Other ammonia sources might include (though this is not a complete list) urea fertilizer or hummonia (aka, urine or pee). However, urea or urine have the drawback of a delayed reaction before you will be able to measure any ammonia so must be used with care so as not to overdose the system. One trick is to bottle the urine and leave it sealed up for a few weeks which will allow the urea content to convert to ammonia before use, this also has the side benefit of killing off any e.coli that might have gotten into the urine as it passes out of a human body.
Sorry if all that grosses you out but it is a free source of ammonia provided you collect it from a healthy person not on any horribly strong medications.

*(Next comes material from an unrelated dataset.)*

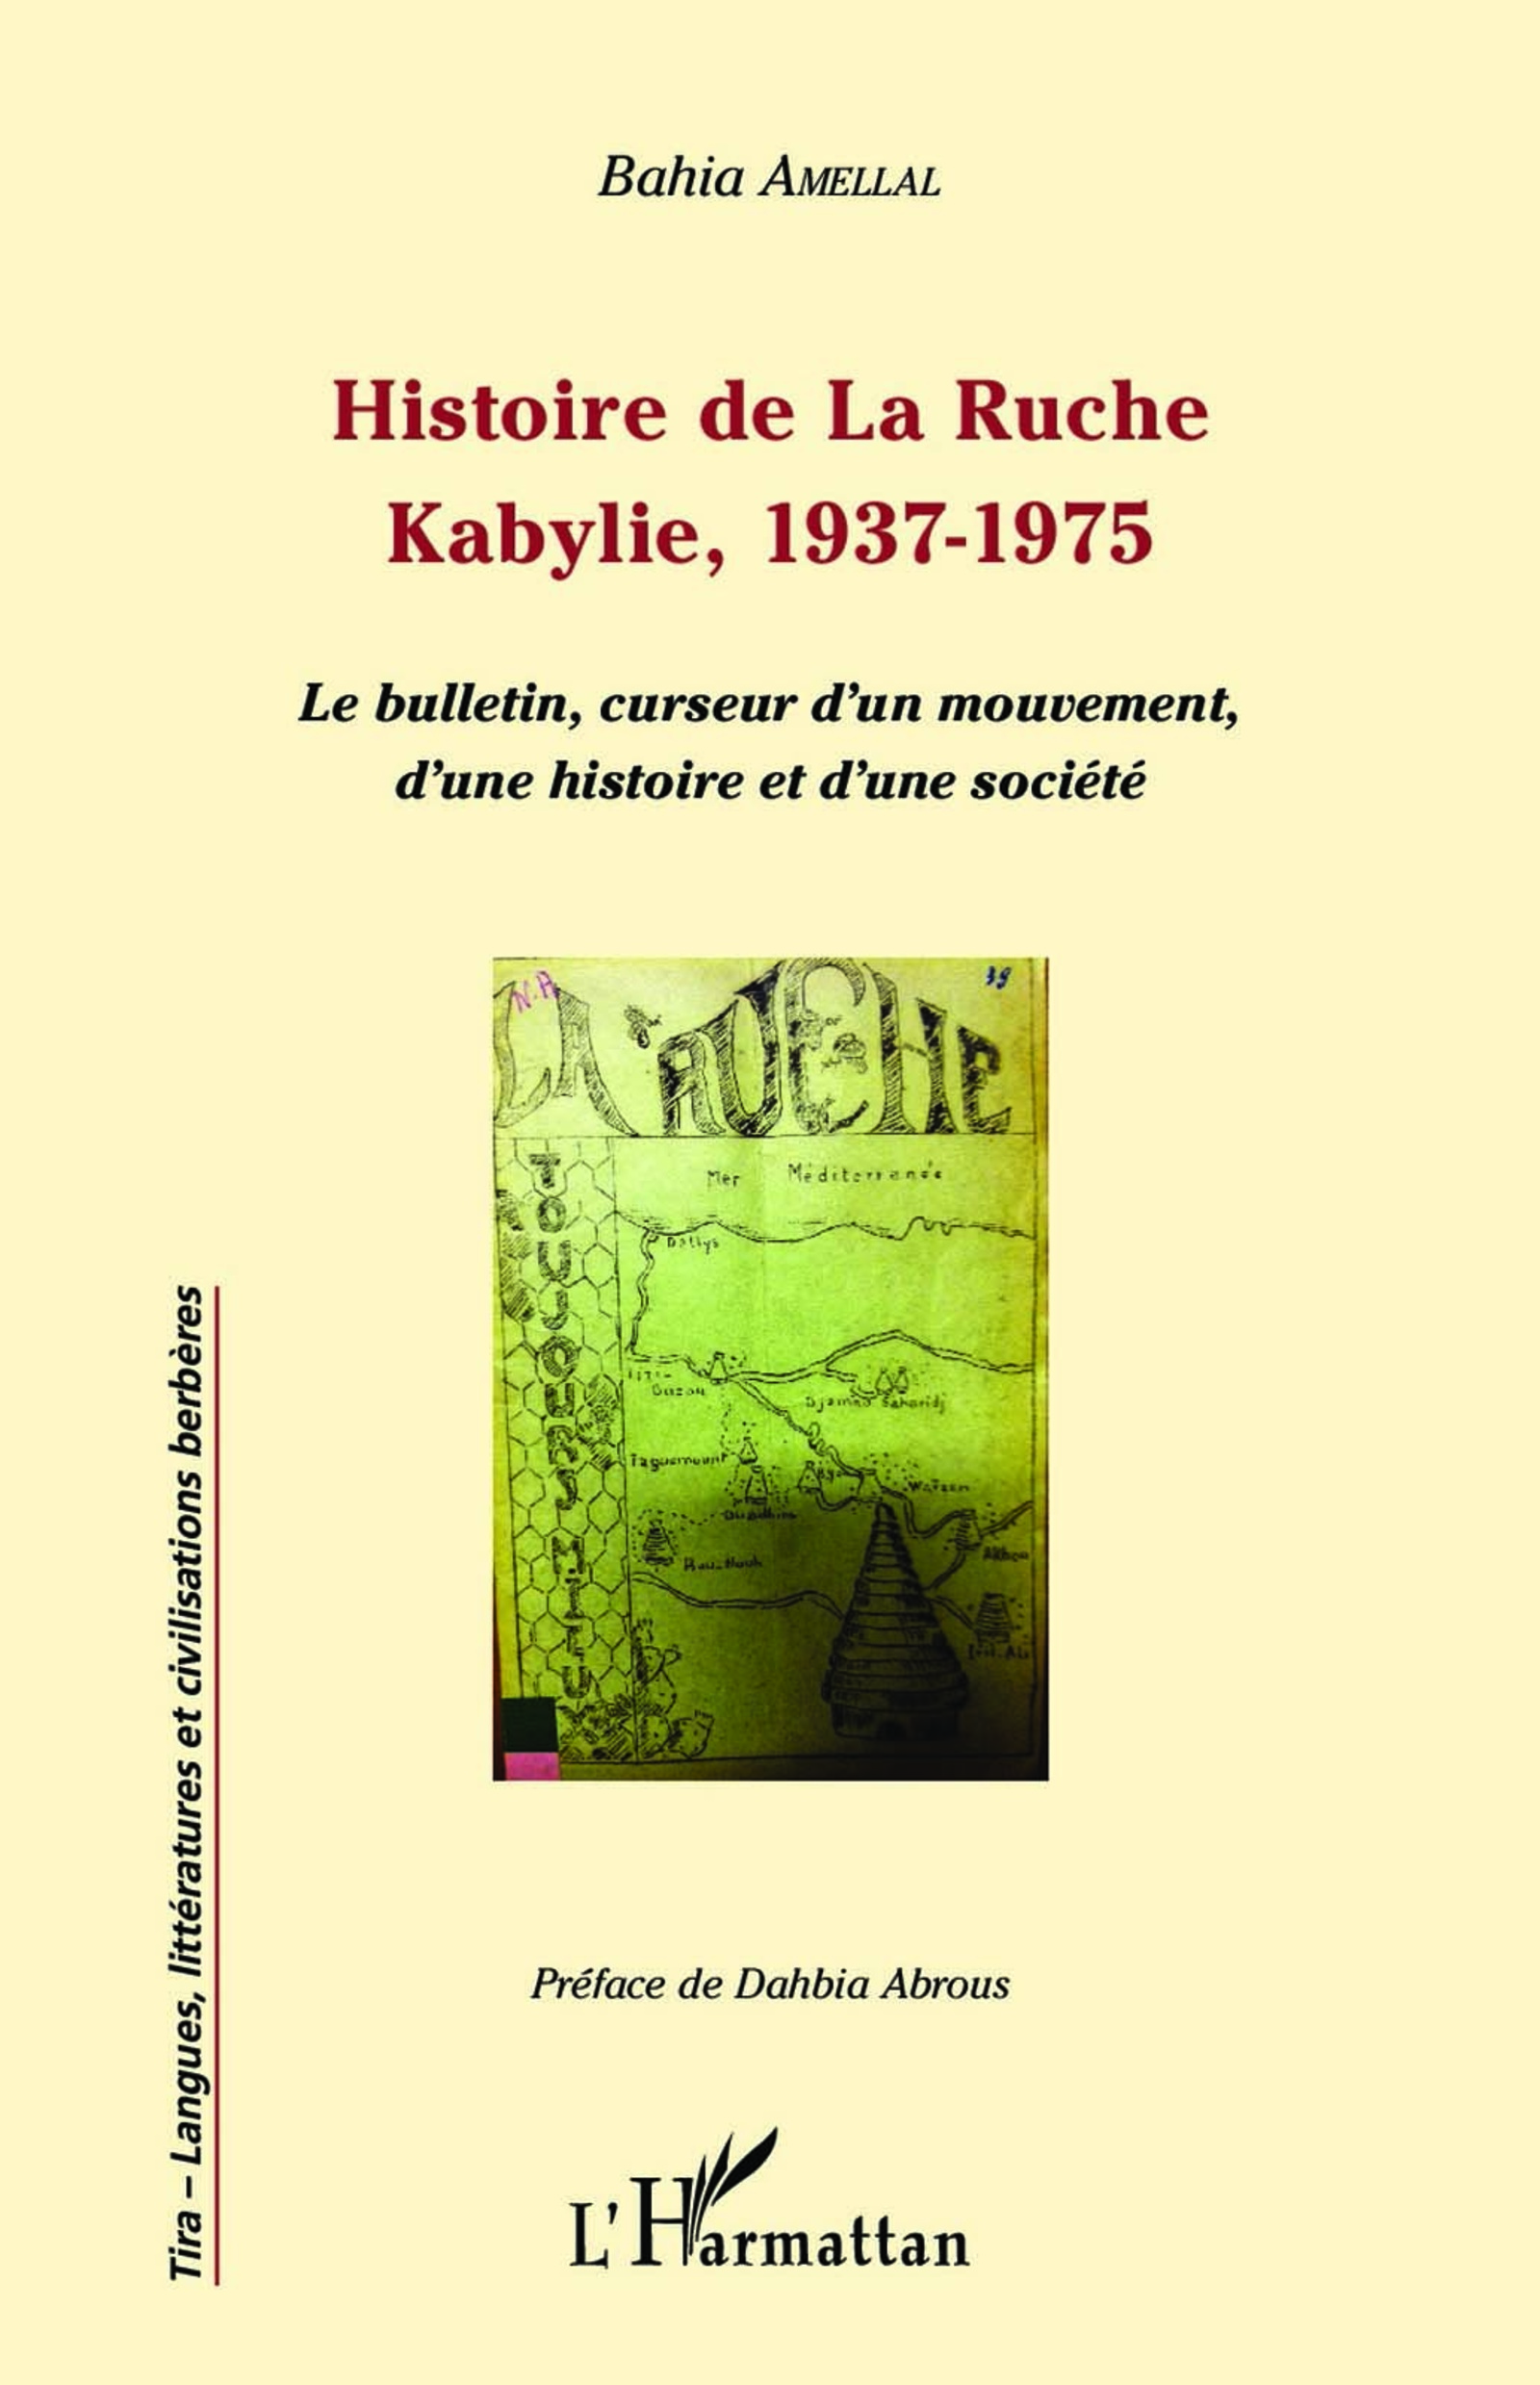 Histoire de La Ruche, Kabylie, 1937-1975 : Le bulletin, curseur d’un mouvement

either keep looking or pee in a bottle.
suficants, sents and detergents are all bad for fish and bio-filter bacteria.
Today
PH > 7.6
High PH = 8.3
Ammonia = 3.0
Nitrite = .25
Nitrate = 1.0
Now you wait till the ammonia gets to 1 or lower and dose that amount again. If the nitrite is way high, then you might do smaller ammonia doses till the nitrite spike comes down too. Then you will dose to between 1-4 ppm ammonia and see if both ammonia and nitrite are down to 0 within 24 hours, once you get to the point where you can dose and have both ammonia and nitrite down to 0 in 24 hours, you are cycled up. Let ammonia and nitrite get down to near 0 before adding new fish but keep feeding the bacteria regular doses of ammonia until shortly before getting fish or they will starve and die back.
And away you go.
I think usually you will see a slow decline at first and then it will drop more rapidly. The nitrite will also spike as the ammonia declines and the Nitrite spike tends to last even longer usually.
How much above 8 for the pH? What is your source water? City water or from a limestone aquifer? If it is only just barely above 8 you could probably just leave it since as the system gets cycled the pH will naturally drop. However, if you want to adjust it down, you are better off doing it before you get fish. After you get fish you can adjust top up water in a holding tank and let it settle before adding it to the system if the reason for your high pH is the source water. If your media turns out to be the reason for high pH, well no amount of acid will correct that until all the limestone has dissolved.
My nitrite has spiked at 5.0 so it's going as expected. My PH is at 8.3 it has not changed at all, ammonia is at 4.0 and holding I didn't add anymore I think I am just better with the test kit now. The Nitrate is also rising to 5PPM
I have blocked out as much of the sun as I can on the sump and tank to prevent algae growth.I had a little but I want to nip it now before is gets out of control.